PROBLEM DETAILS: Could the listing below be returned exactly, with its pictures left out?
─── DATASET CONTENT ───
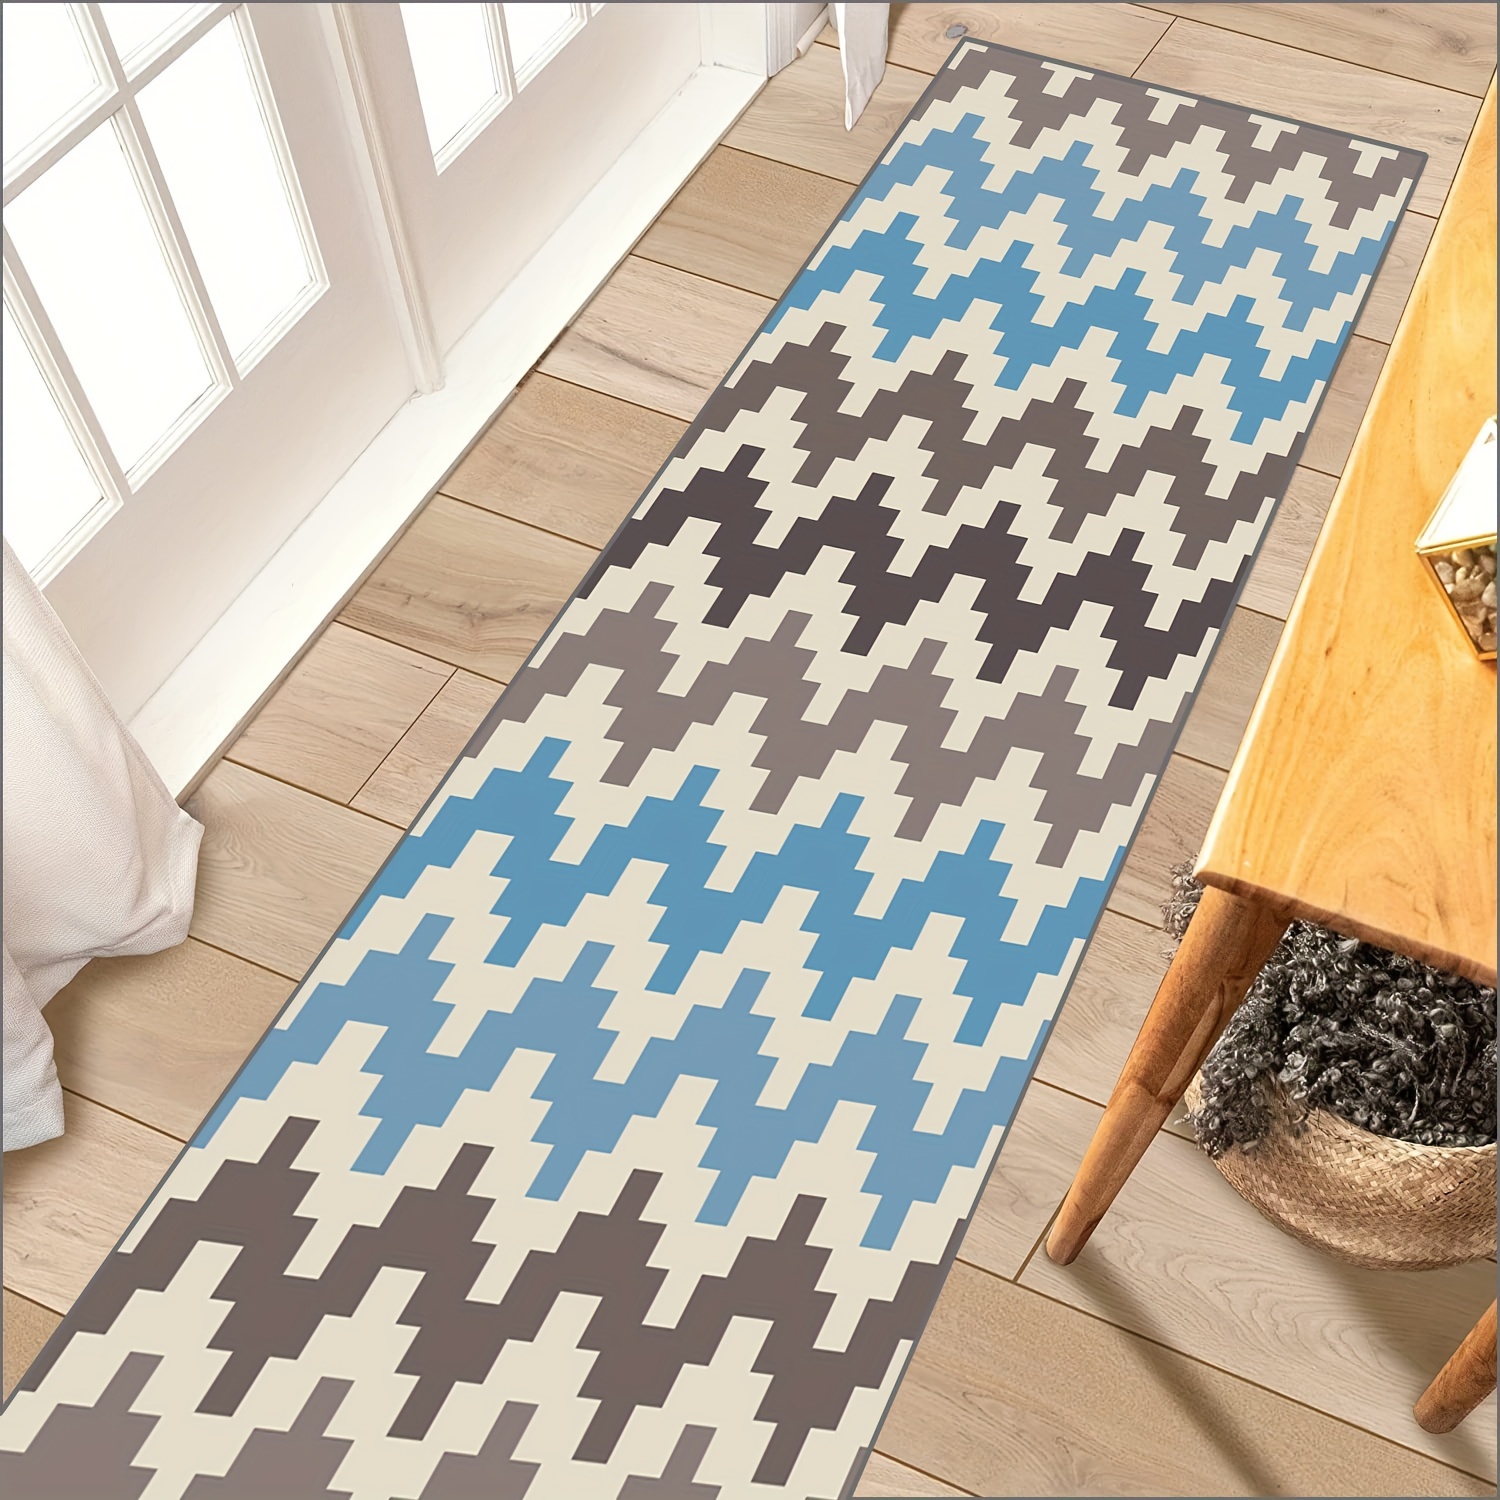 Teal Kitchen Rugs and Mats Non Skid Washable, Kitchen Mat Set of 2
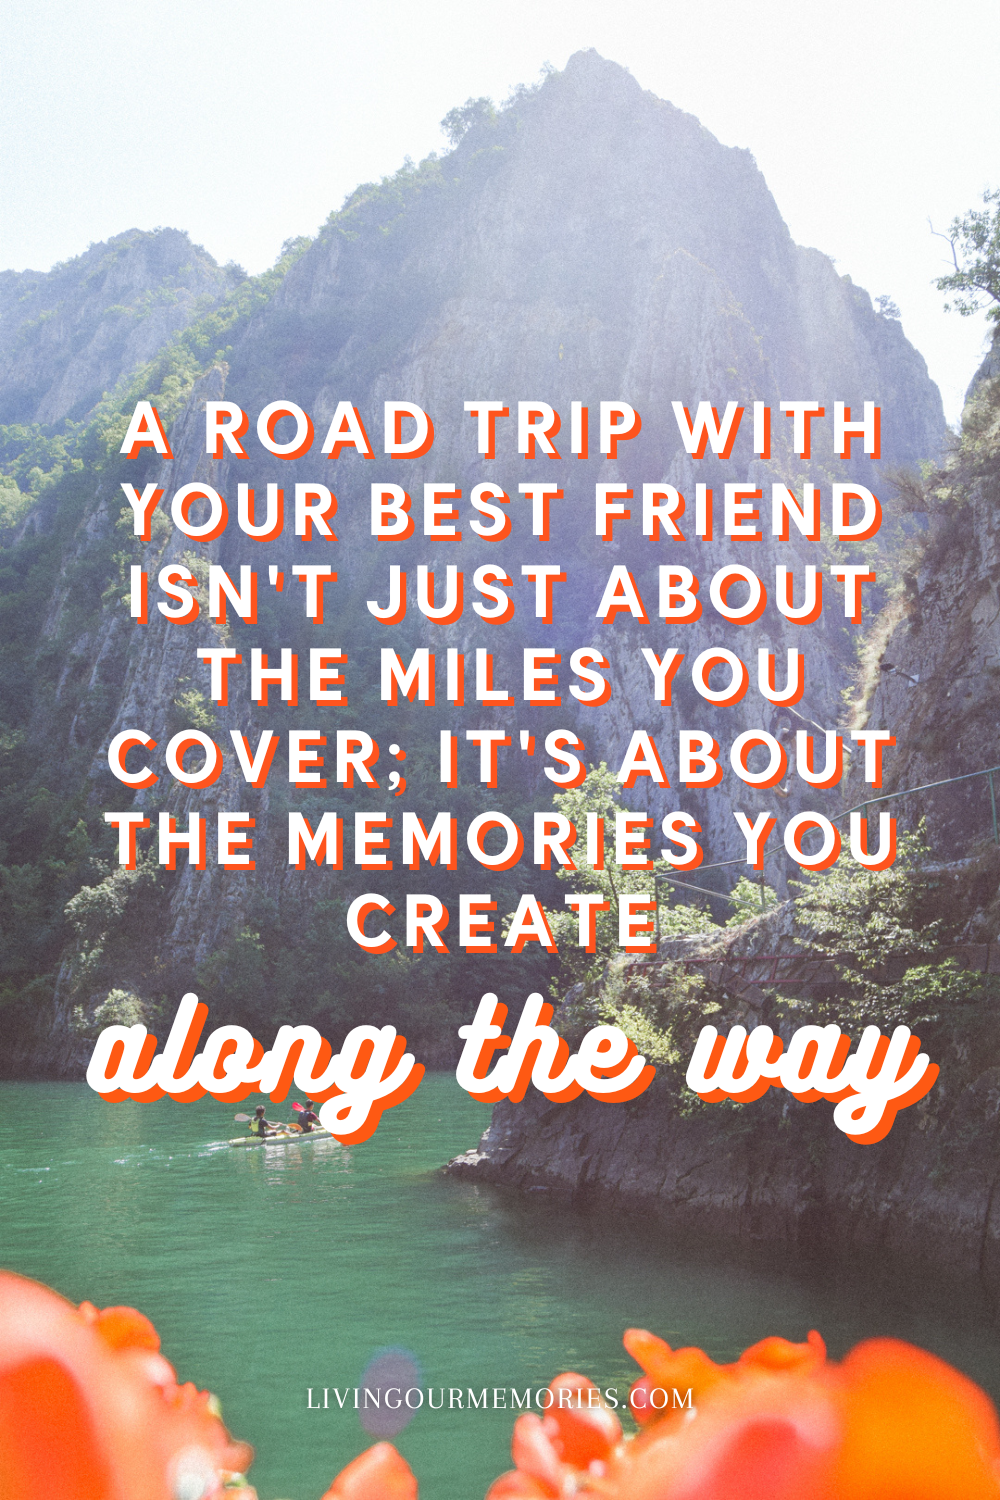 A road trip with your best friend isn't just about the miles you cover; it's about the memories you create along the way.
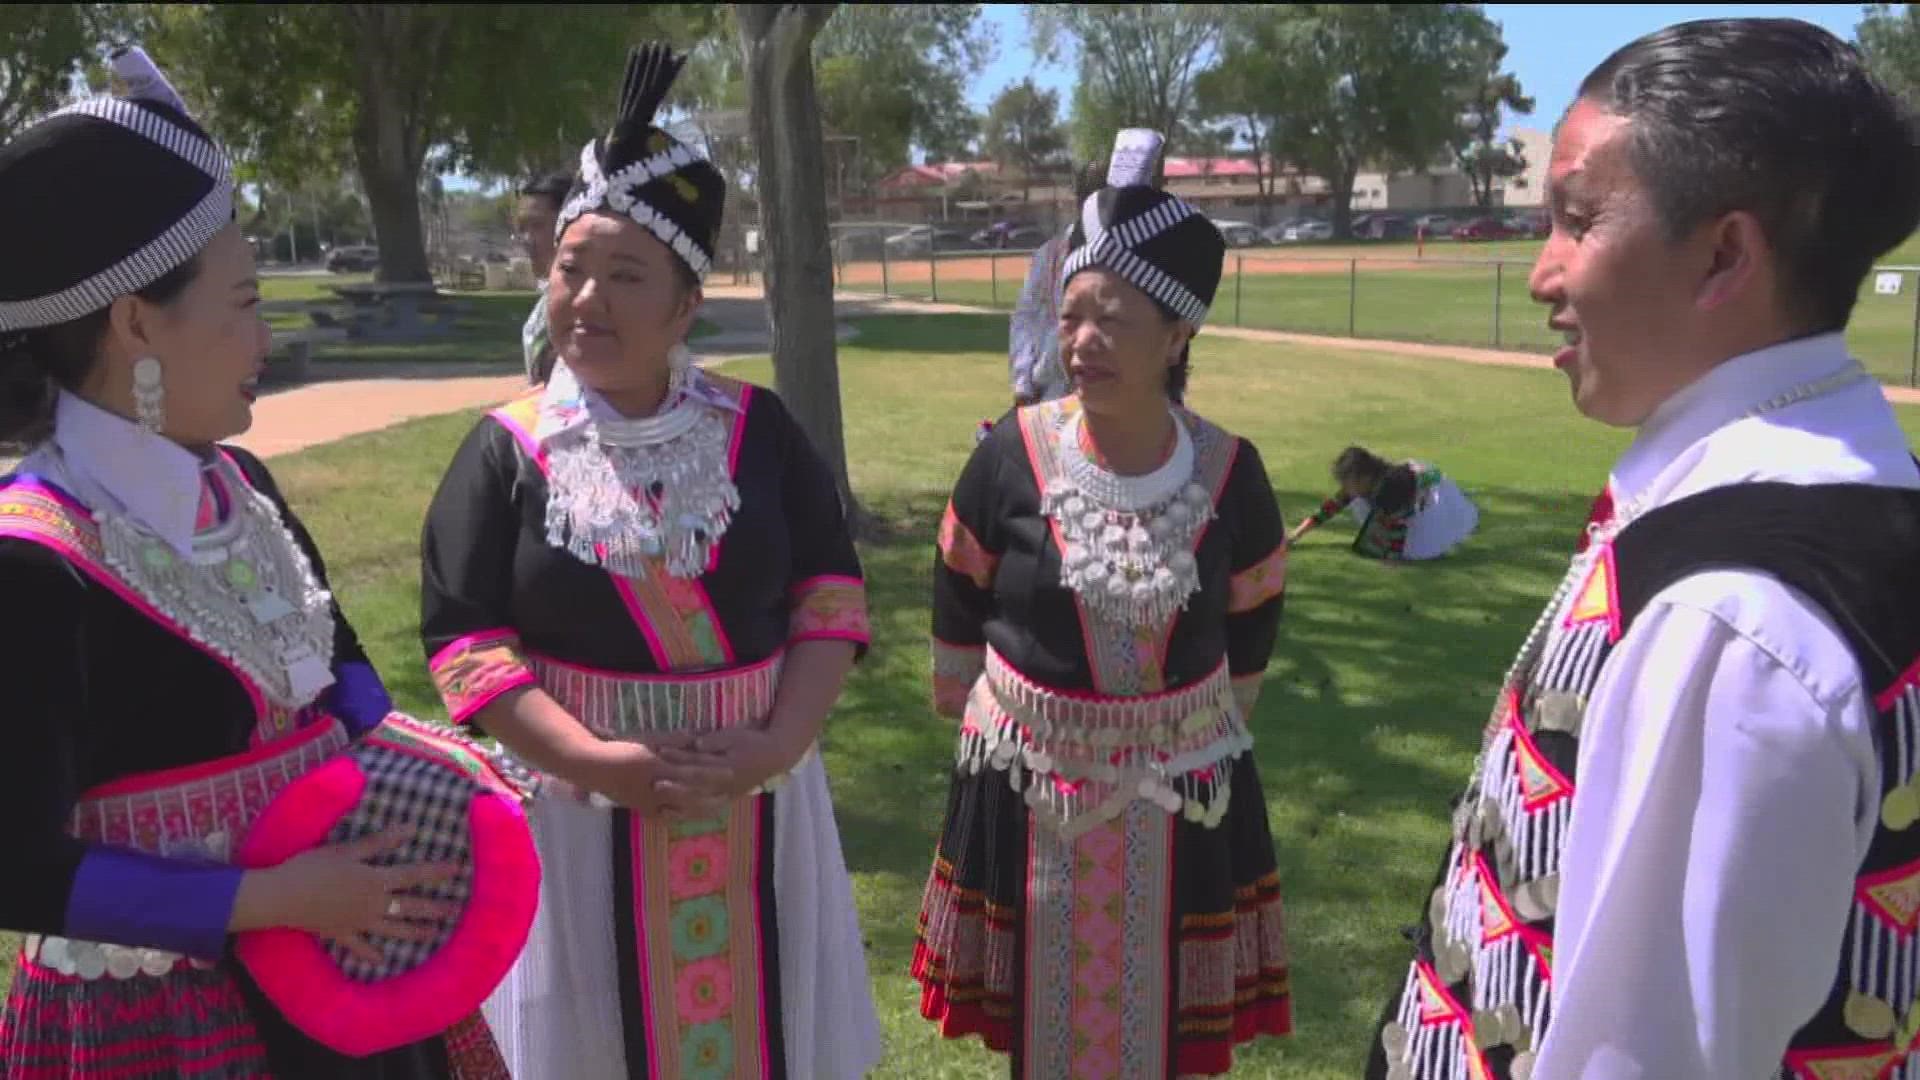 During the late 1970s and early 1980s, about 5,000 Hmong made their way from southeast Asia here to San Diego to start a new life.
───
FINISHED TASK:
 Teal Kitchen Rugs and Mats Non Skid Washable, Kitchen Mat Set of 2
 A road trip with your best friend isn't just about the miles you cover; it's about the memories you create along the way.
 During the late 1970s and early 1980s, about 5,000 Hmong made their way from southeast Asia here to San Diego to start a new life.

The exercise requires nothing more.